◆ **Provided material**
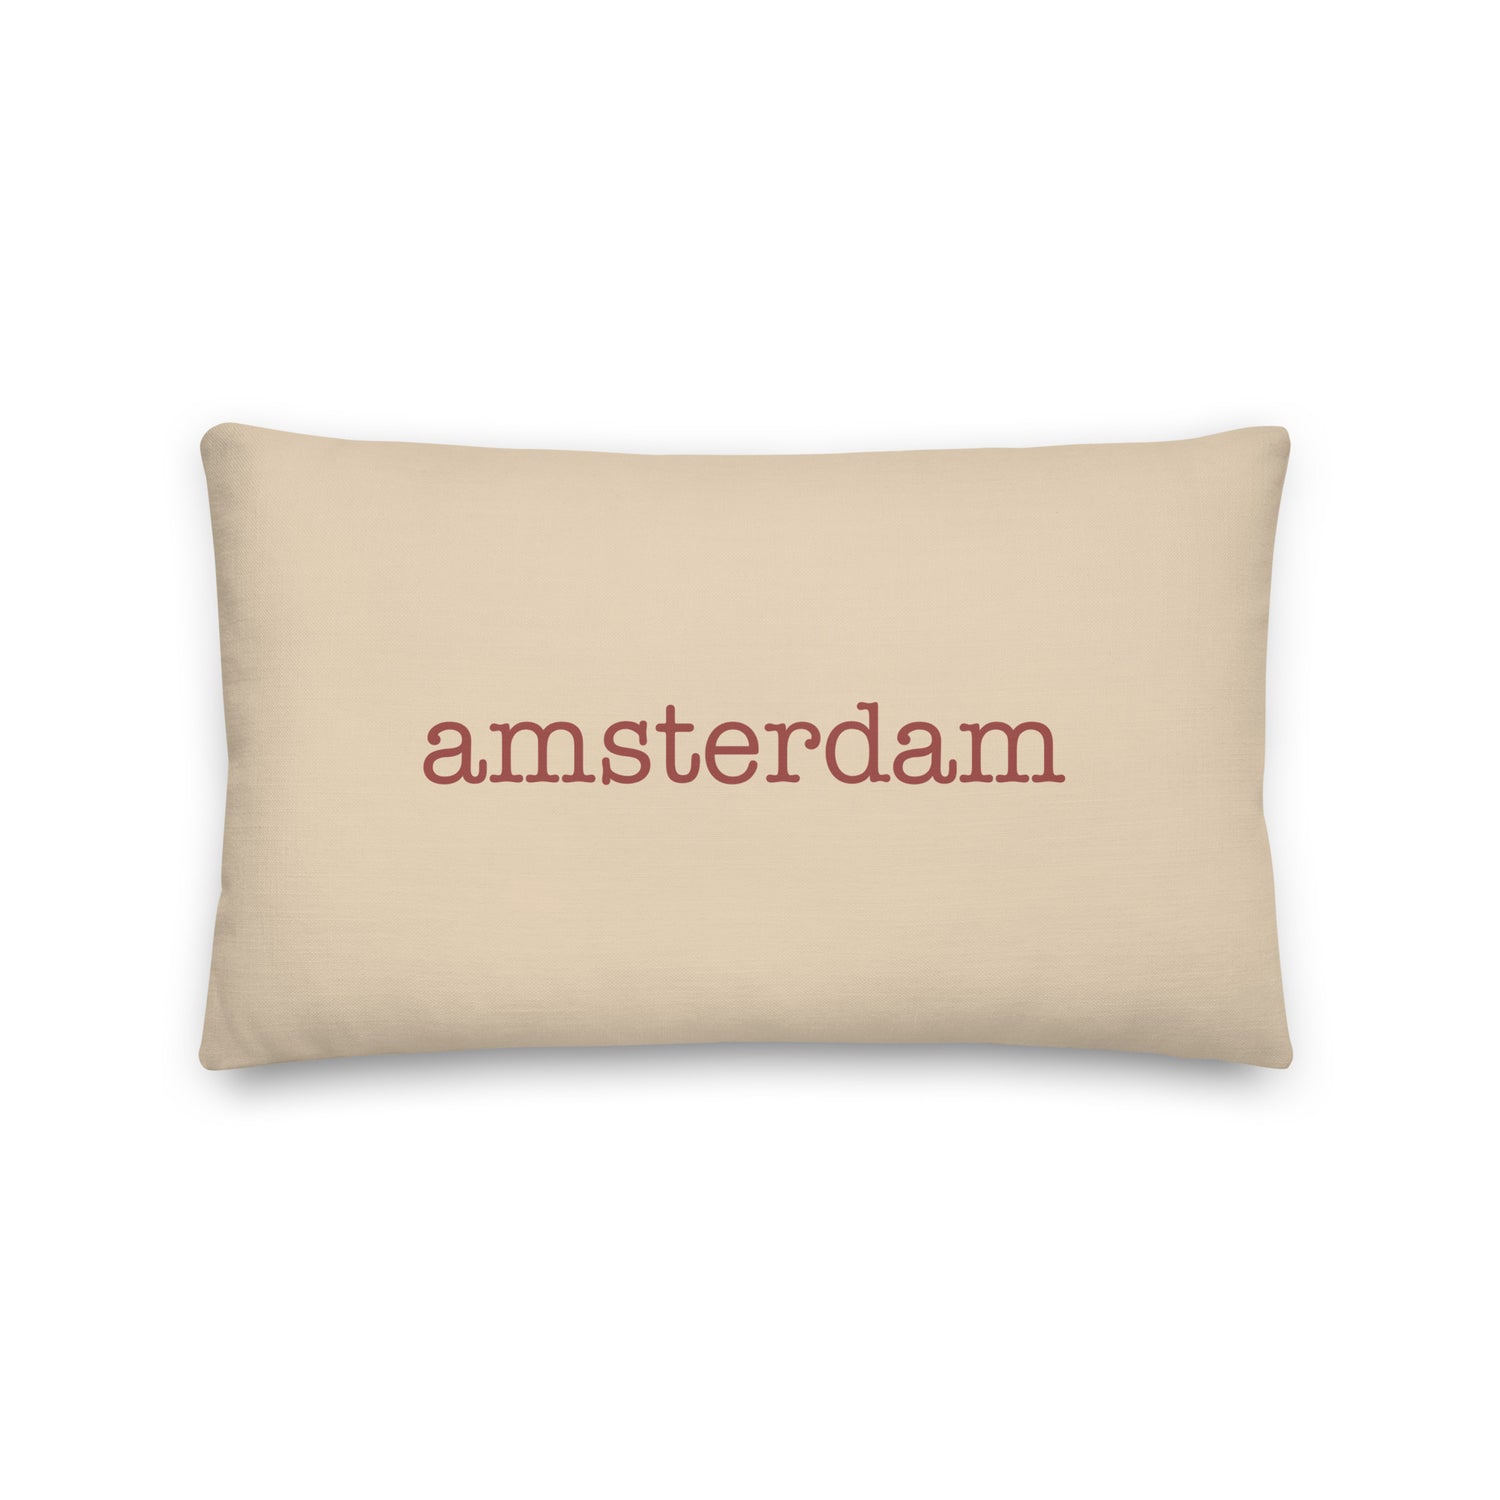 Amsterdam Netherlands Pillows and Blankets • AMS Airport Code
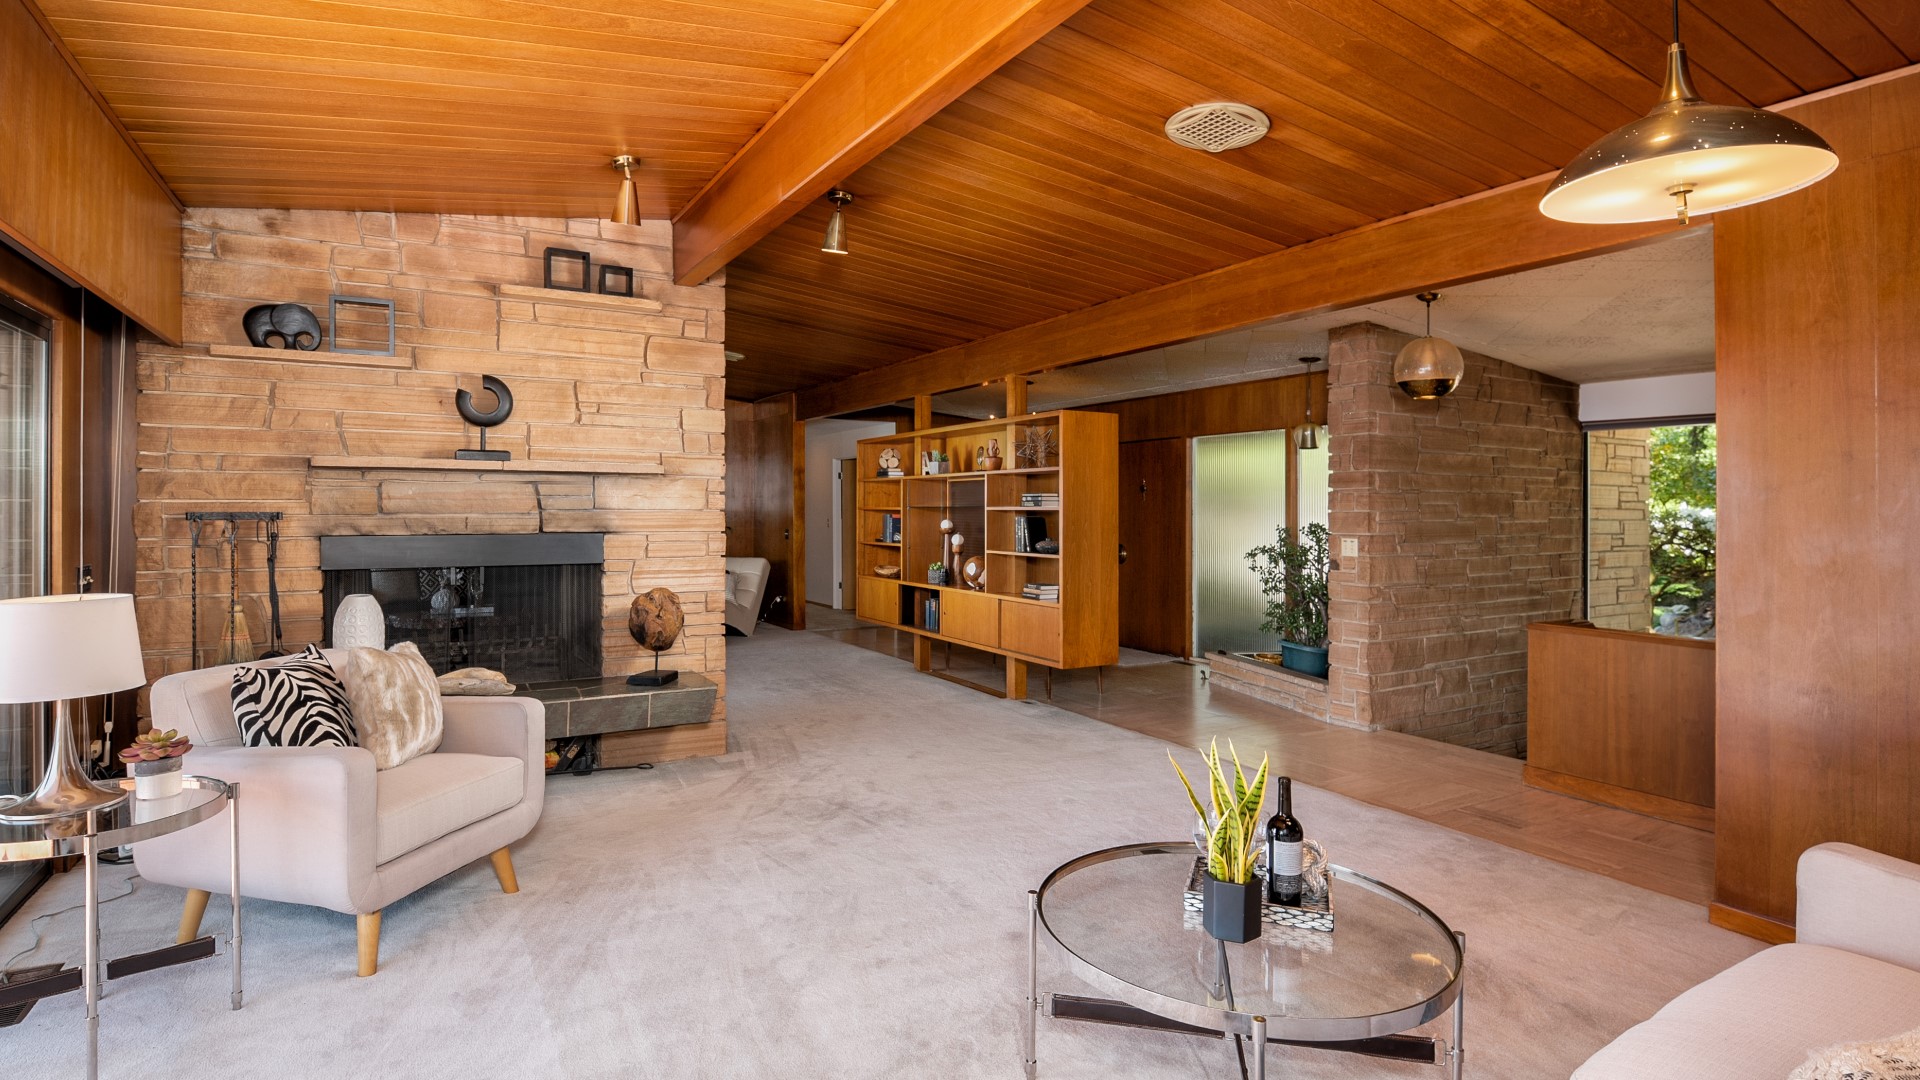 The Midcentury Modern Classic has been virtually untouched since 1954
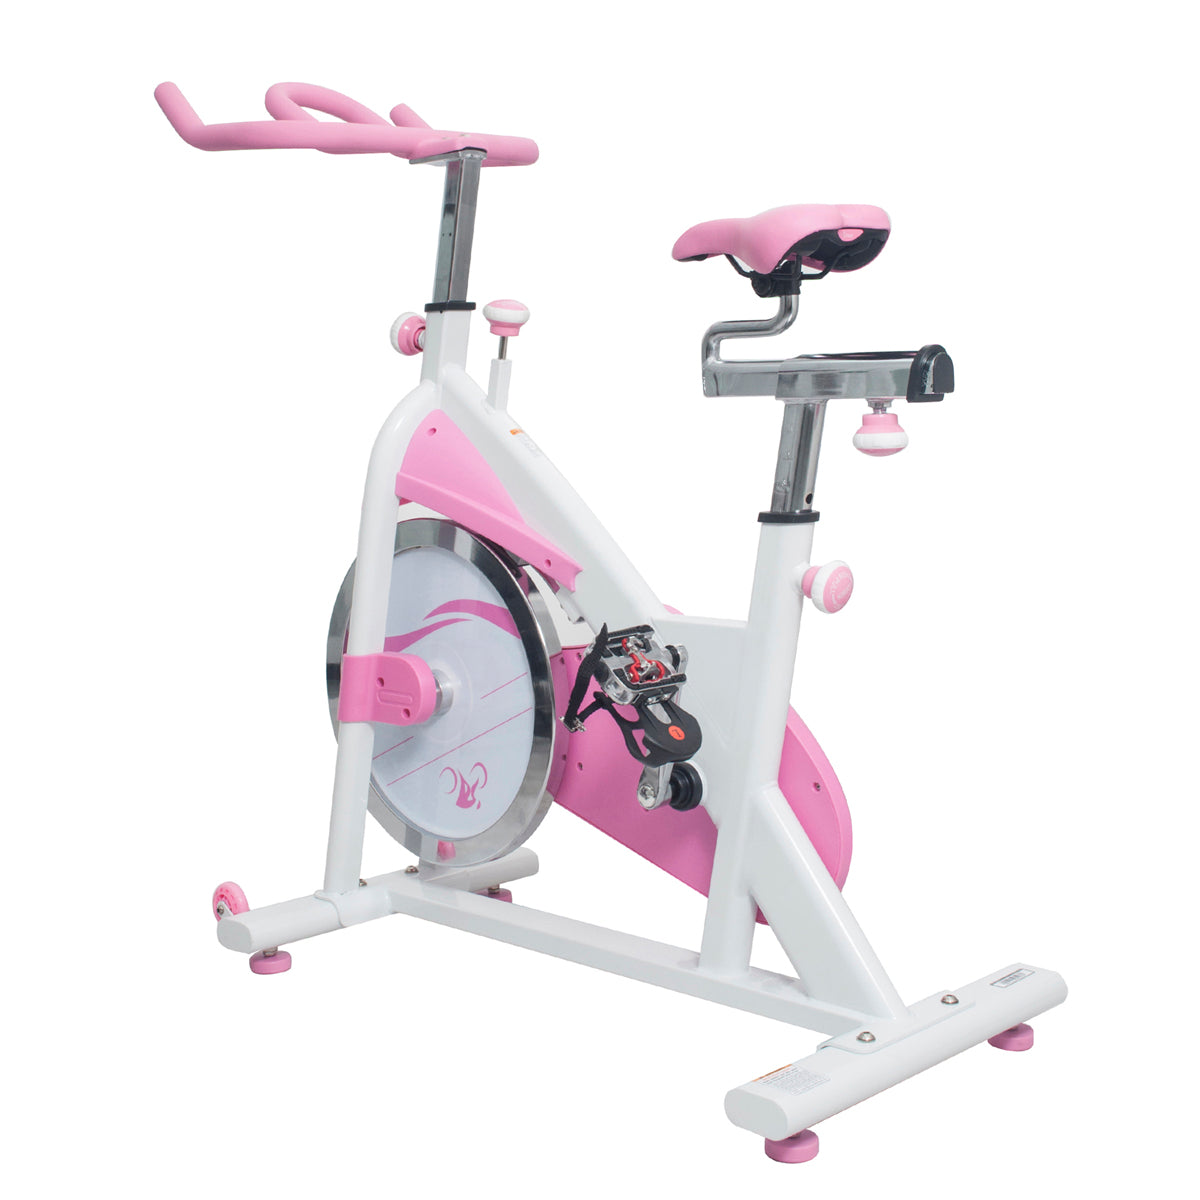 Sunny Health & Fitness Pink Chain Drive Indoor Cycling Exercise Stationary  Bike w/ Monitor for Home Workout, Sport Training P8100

◆ **What you will do**
Pictures are to be left out; the rest of the listing should be printed exactly.

◆ **Written reply**
 Amsterdam Netherlands Pillows and Blankets • AMS Airport Code
 The Midcentury Modern Classic has been virtually untouched since 1954
 Sunny Health & Fitness Pink Chain Drive Indoor Cycling Exercise Stationary  Bike w/ Monitor for Home Workout, Sport Training P8100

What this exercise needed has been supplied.